- **What to work on**:
A word-for-word copy of the data, pictures excluded, is what this task asks for.

- **Raw data**:
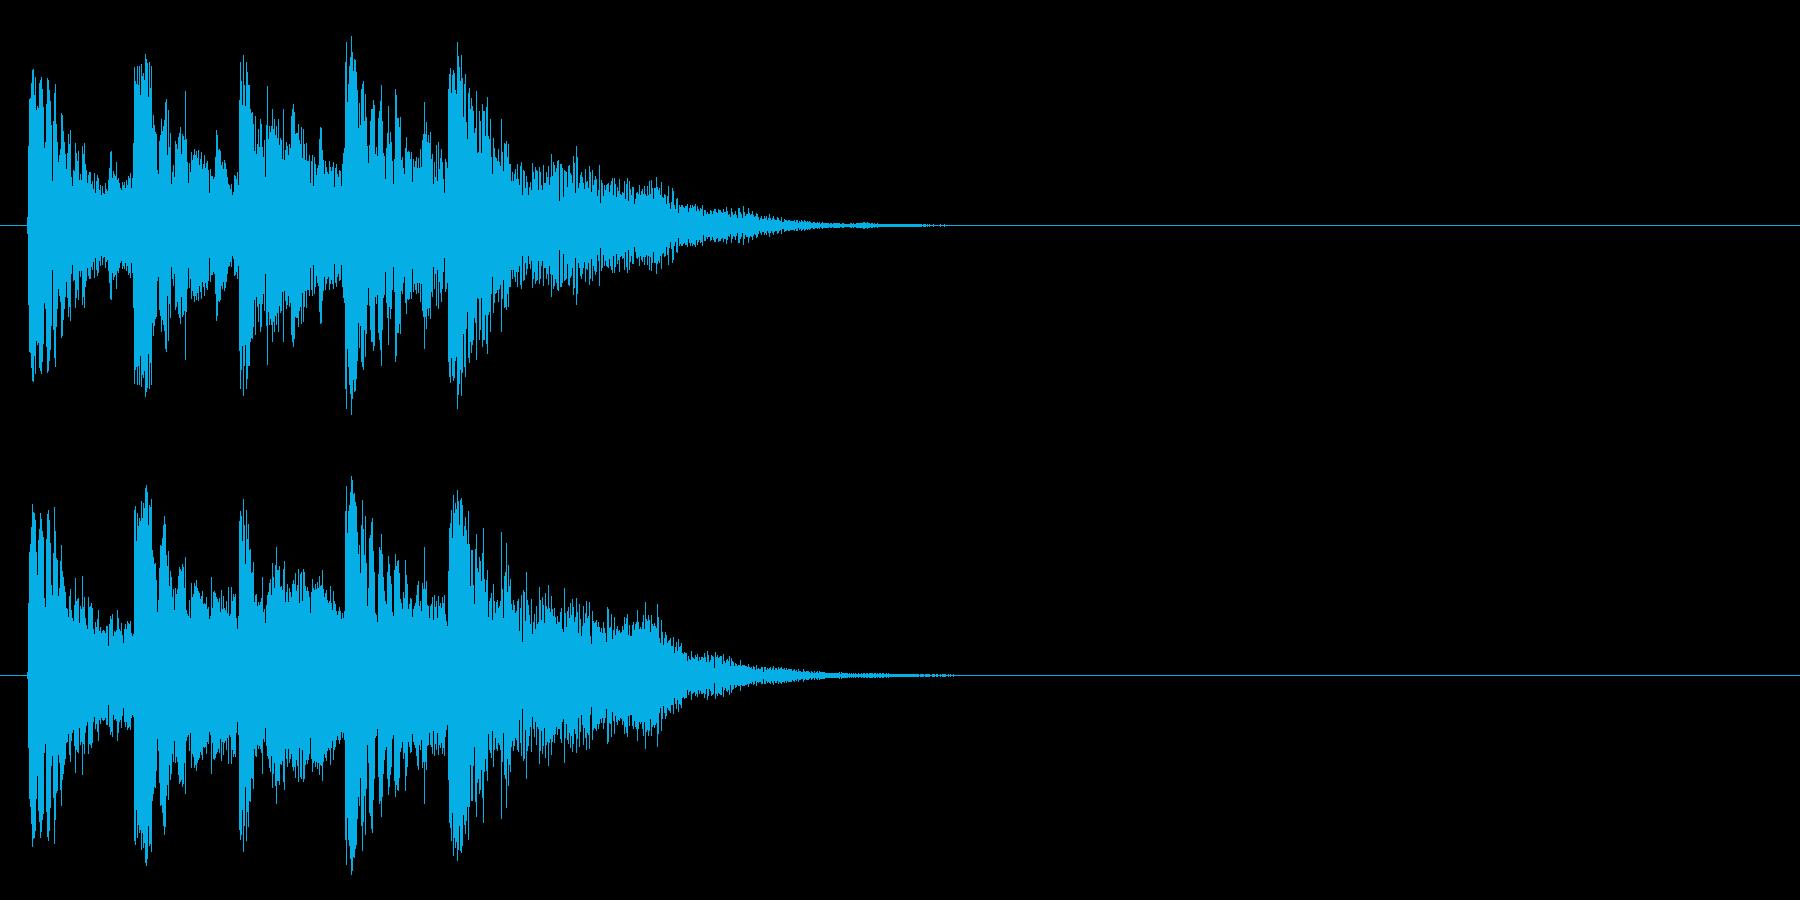 ジングル/アタック(ポップ/マイナー)の再生済みの波形
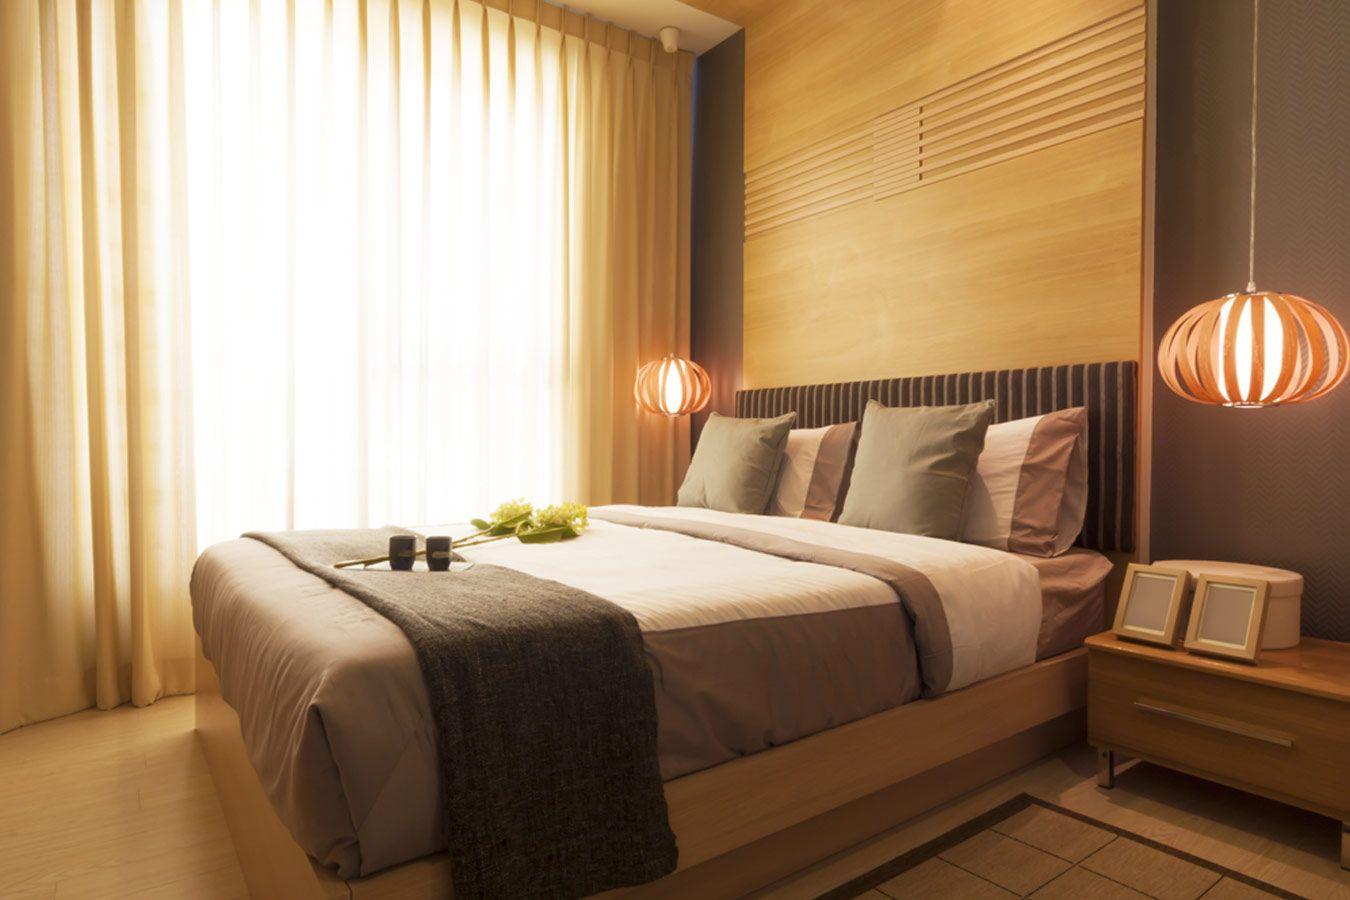 Design Hanglamp Slaapkamer : Landelijke slaapkamer met houten hanglampen sleep well
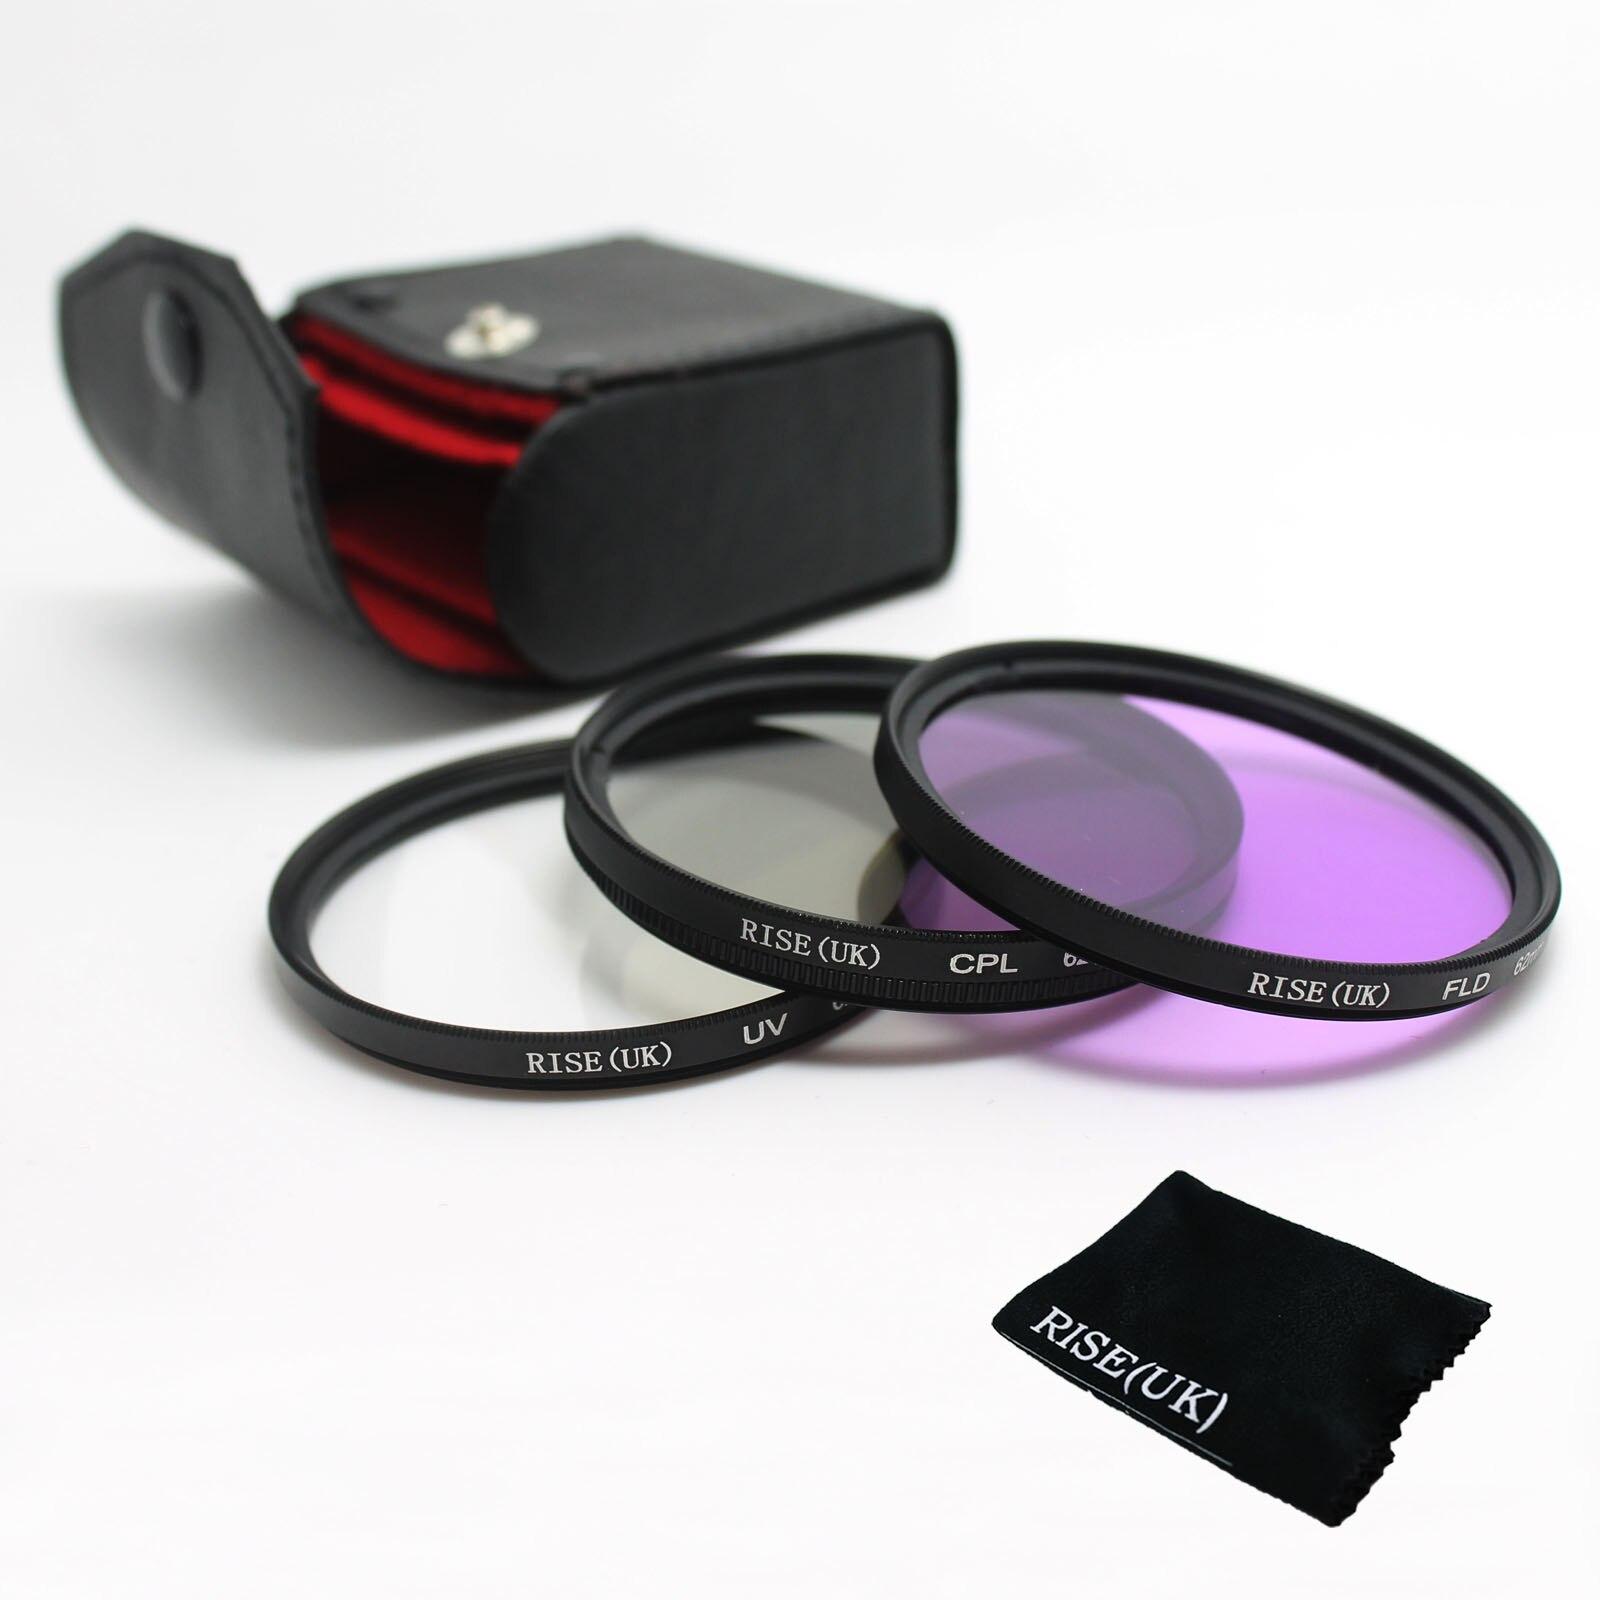 RISE (UK) 49mm 52mm 55mm 58mm 62mm 67mm 72mm 77mm UV + FLD + Cpl Objektiv-filter-schutzfolie für canon nikon pentax sony dslr kamera

- **Exercise answer**:
 ジングル/アタック(ポップ/マイナー)の再生済みの波形
 Design Hanglamp Slaapkamer : Landelijke slaapkamer met houten hanglampen sleep well
 RISE (UK) 49mm 52mm 55mm 58mm 62mm 67mm 72mm 77mm UV + FLD + Cpl Objektiv-filter-schutzfolie für canon nikon pentax sony dslr kamera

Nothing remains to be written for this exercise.